Wherein O is _q Is the expected value; y is Y _q Is a predicted value; q is the number of neurons, q=1, 2, …, n;

step 4.5: updating the weight, the threshold, the number of hidden layer nodes and the number of hidden layer nodes of the BP neural network according to the result of the step 4.4, judging whether the requirement is met, if yes, ending the algorithm, and outputting the optimal weight, the threshold, the number of hidden layer nodes and the number of hidden layer nodes; otherwise, go to step 4.3.

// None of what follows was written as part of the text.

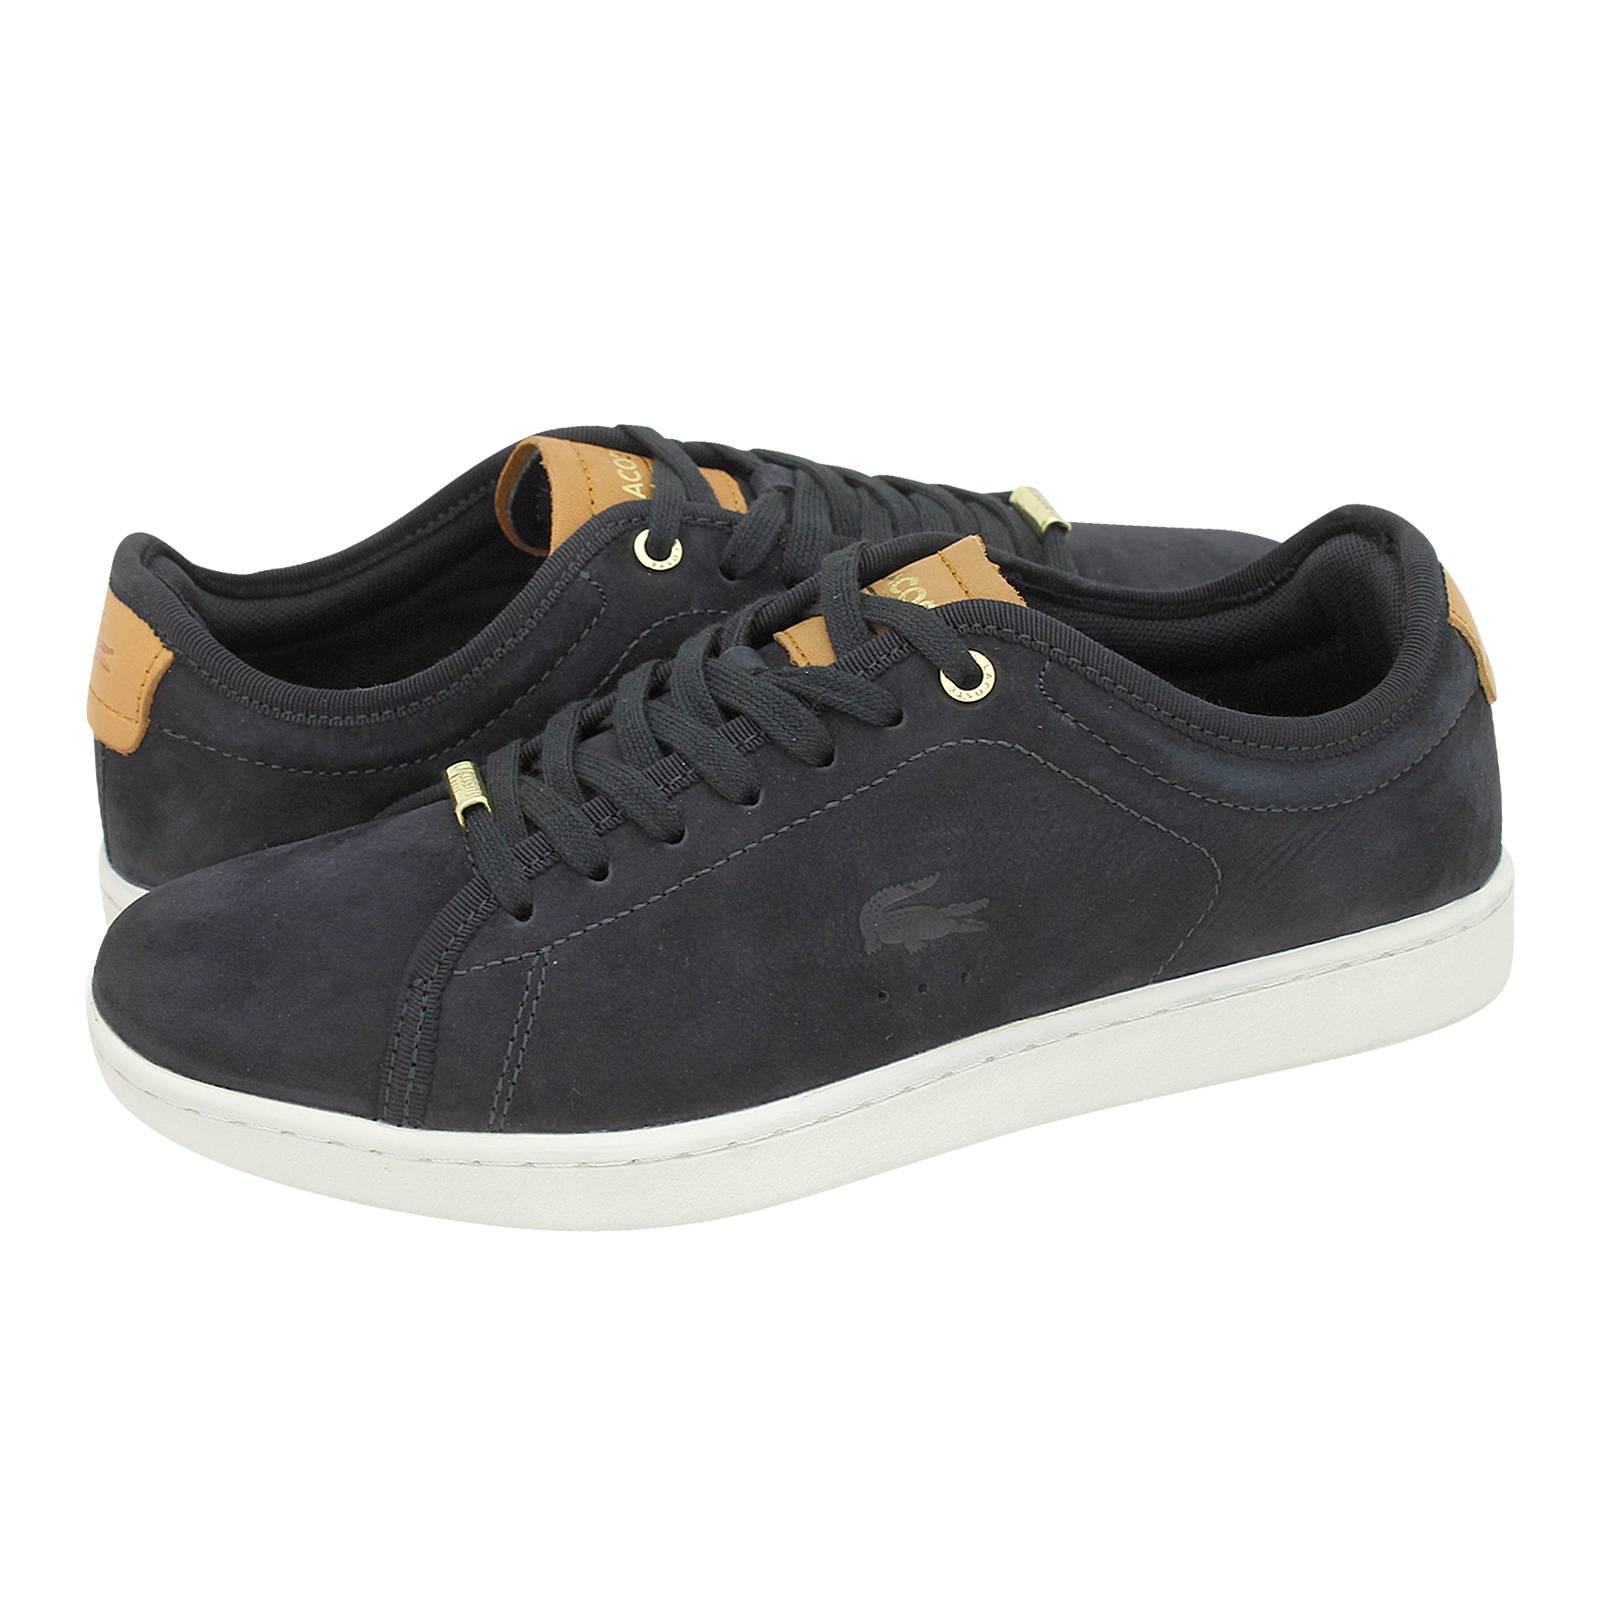 Carnaby Evo 317 - Γυναικεία παπούτσια casual Lacoste από nubuck και ... cccc1b6912e

5. The photovoltaic output day-ahead prediction method based on K-means mean clustering and BP neural network optimization is characterized by comprising the following steps of: in the step 5, the step of inputting the first seventy percent of each similar day data set as training set data into the prediction model to train the neural network and save the model with the highest prediction precision is specifically as follows:

6. The photovoltaic output day-ahead prediction method based on K-means mean clustering and BP neural network optimization is characterized by comprising the following steps of: in the step 6, the type of the similar day of the day to be predicted is judged according to the predicted weather, and the historical meteorological data before the day in the similar day data set are input into the model with the highest photovoltaic output prediction precision to obtain the photovoltaic output prediction data of the predicted day, and the steps are specifically as follows:

step 6.1: obtaining weather information of a day to be predicted through weather forecast, calculating Euclidean distance between the weather information to be predicted and the clustering center obtained in the step 3, and judging the similar day type of the day to be predicted;

and 6.2, inputting weather factors of similar days closest to the predicted day into corresponding prediction models to obtain a predicted result before the photovoltaic output day.